EU/3/18/2096 - orphan designation for treatment of anti-glomerular basement membrane disease

Anti–glomerular basement membrane disease is a disease in which the immune system (the body’s natural defences) produces abnormal antibodies against targets present in the glomerular basement membrane (GBM) found in the kidneys and the alveolar basement membrane in the lungs.

Patients with anti-GBM disease develop inflammation and bleeding in the lung and a kidney disease called glomerulonephritis, in which the small filtering units in the kidneys are damaged.

Anti-GBM disease is a long-term debilitating and life-threatening disease that can lead to lung problems and kidney failure.

At the time of orphan designation, anti-GBM disease affected approximately 0.02 in 10,000 people in the European Union (EU). This was equivalent to a total of around 1,000 people*, and is below the ceiling for orphan designation, which is 5 people in 10,000. This is based on the information provided by the sponsor and the knowledge of the Committee for Orphan Medicinal Products (COMP).

At the time of orphan designation, treatments for anti-GBM disease included medicines to reduce inflammation, such as corticosteroids and cyclophosphamide, as well as plasma exchange, a procedure to remove antibodies from plasma (the liquid part of the blood) by replacing the patient’s plasma with plasma from a donor. 

The sponsor has provided sufficient information to show that imlifidase might be of significant benefit for patients with anti-GBM disease because preliminary data showed that patients treated with the medicine had improved kidney function compared with standard of care.

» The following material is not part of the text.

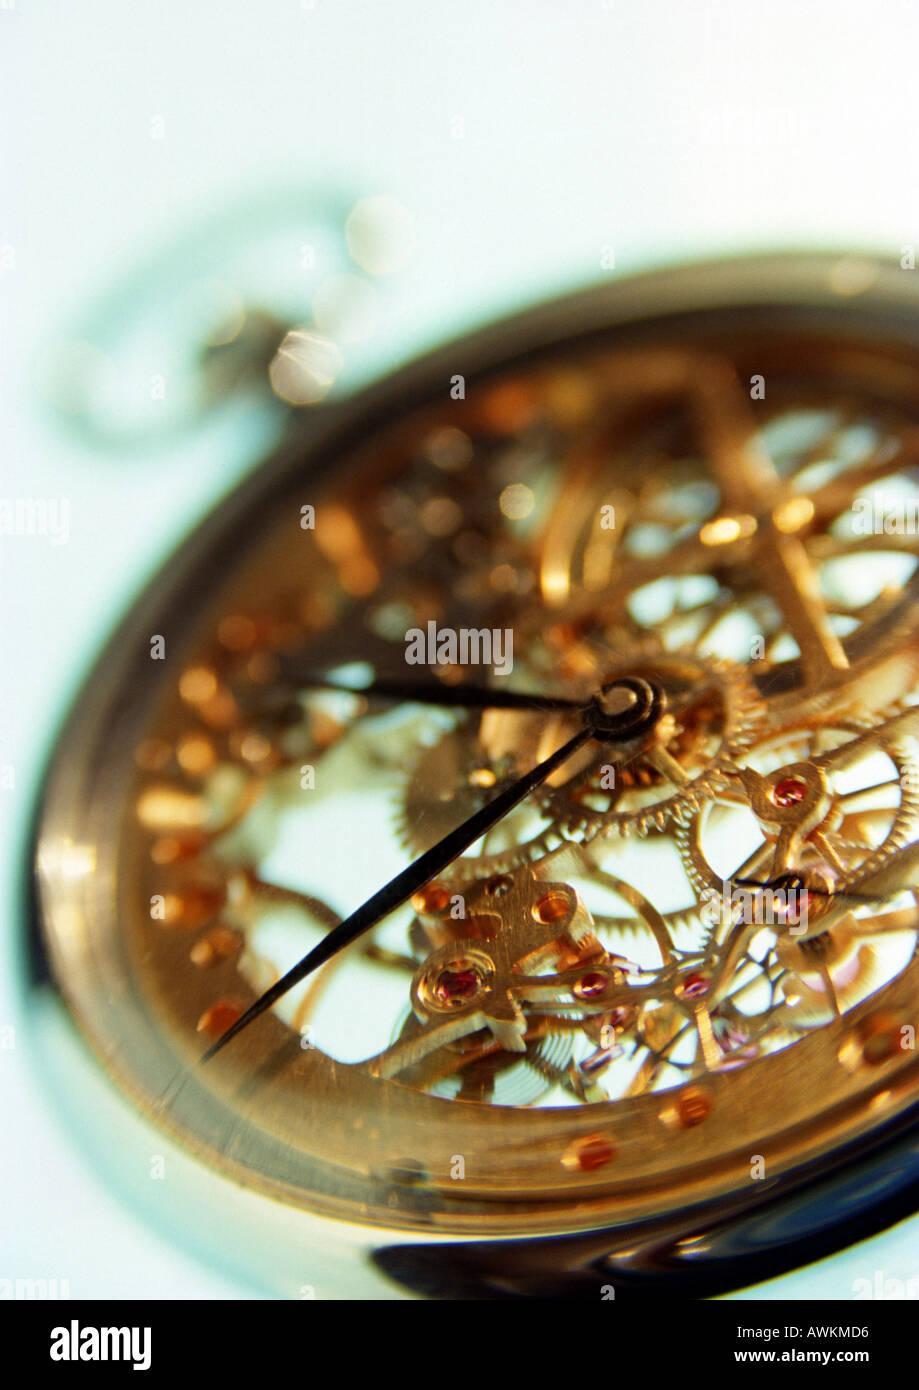 Clockwork of pocket watch, close-up - Stock Image

This assumption will need to be confirmed at the time of marketing authorisation, in order to maintain the orphan status.

Imlifidase is made of an enzyme derived from the bacterium Streptococcus pyogenes. This enzyme breaks down certain types of antibodies including the abnormal antibodies produced in anti-GBM disease. By breaking down the abnormal antibodies, the medicine is expected to reduce inflammation and improve the symptoms of the disease.

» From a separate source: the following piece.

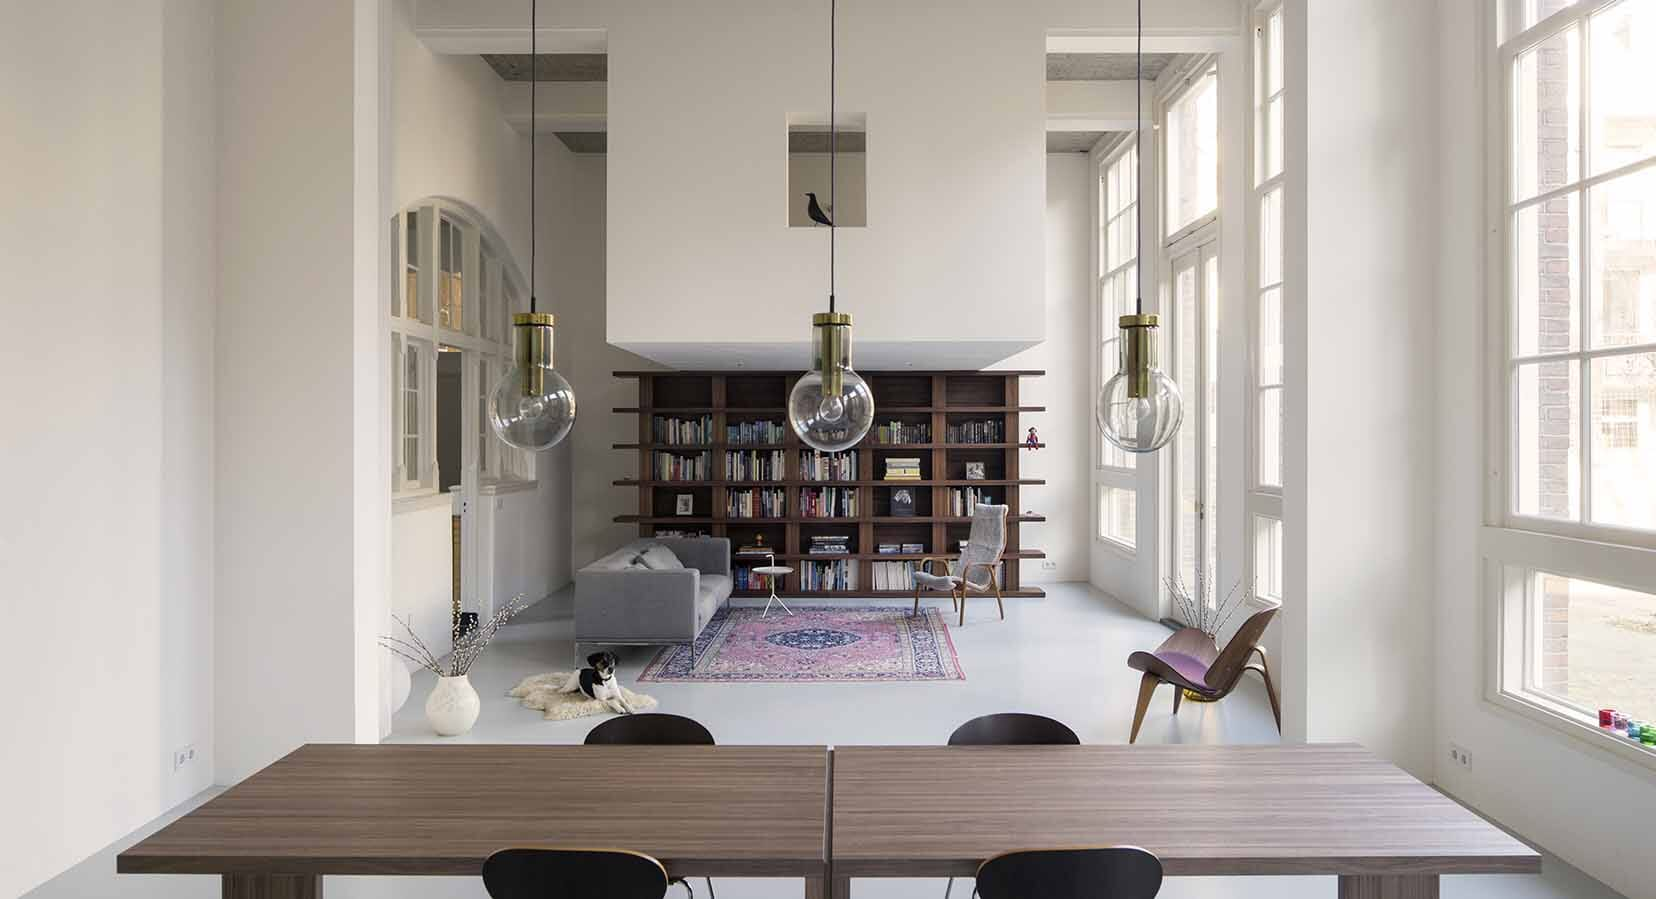 Eklund Terbeek Transform 20th Century Schoolhouse

The effects of the medicine have been evaluated in experimental models.

At the time of submission of the application for orphan designation, clinical trials with the medicine in patients with anti-GBM disease were ongoing.

At the time of submission, the medicine was not authorised anywhere in the EU for anti-GBM disease. Orphan designation of the medicine had been granted in the United States for anti-GBM disease. 

In accordance with Regulation (EC) No 141/2000 of 16 December 1999, the COMP adopted a positive opinion on 18 October 2018 recommending the granting of this designation.

• the seriousness of the condition;
• the existence of alternative methods of diagnosis, prevention or treatment;
• either the rarity of the condition (affecting not more than 5 in 10,000 people in the EU) or insufficient returns on investment.

Designated orphan medicinal products are products that are still under investigation and are considered for orphan designation on the basis of potential activity. An orphan designation is not a marketing authorisation. As a consequence, demonstration of quality, safety and efficacy is necessary before a product can be granted a marketing authorisation.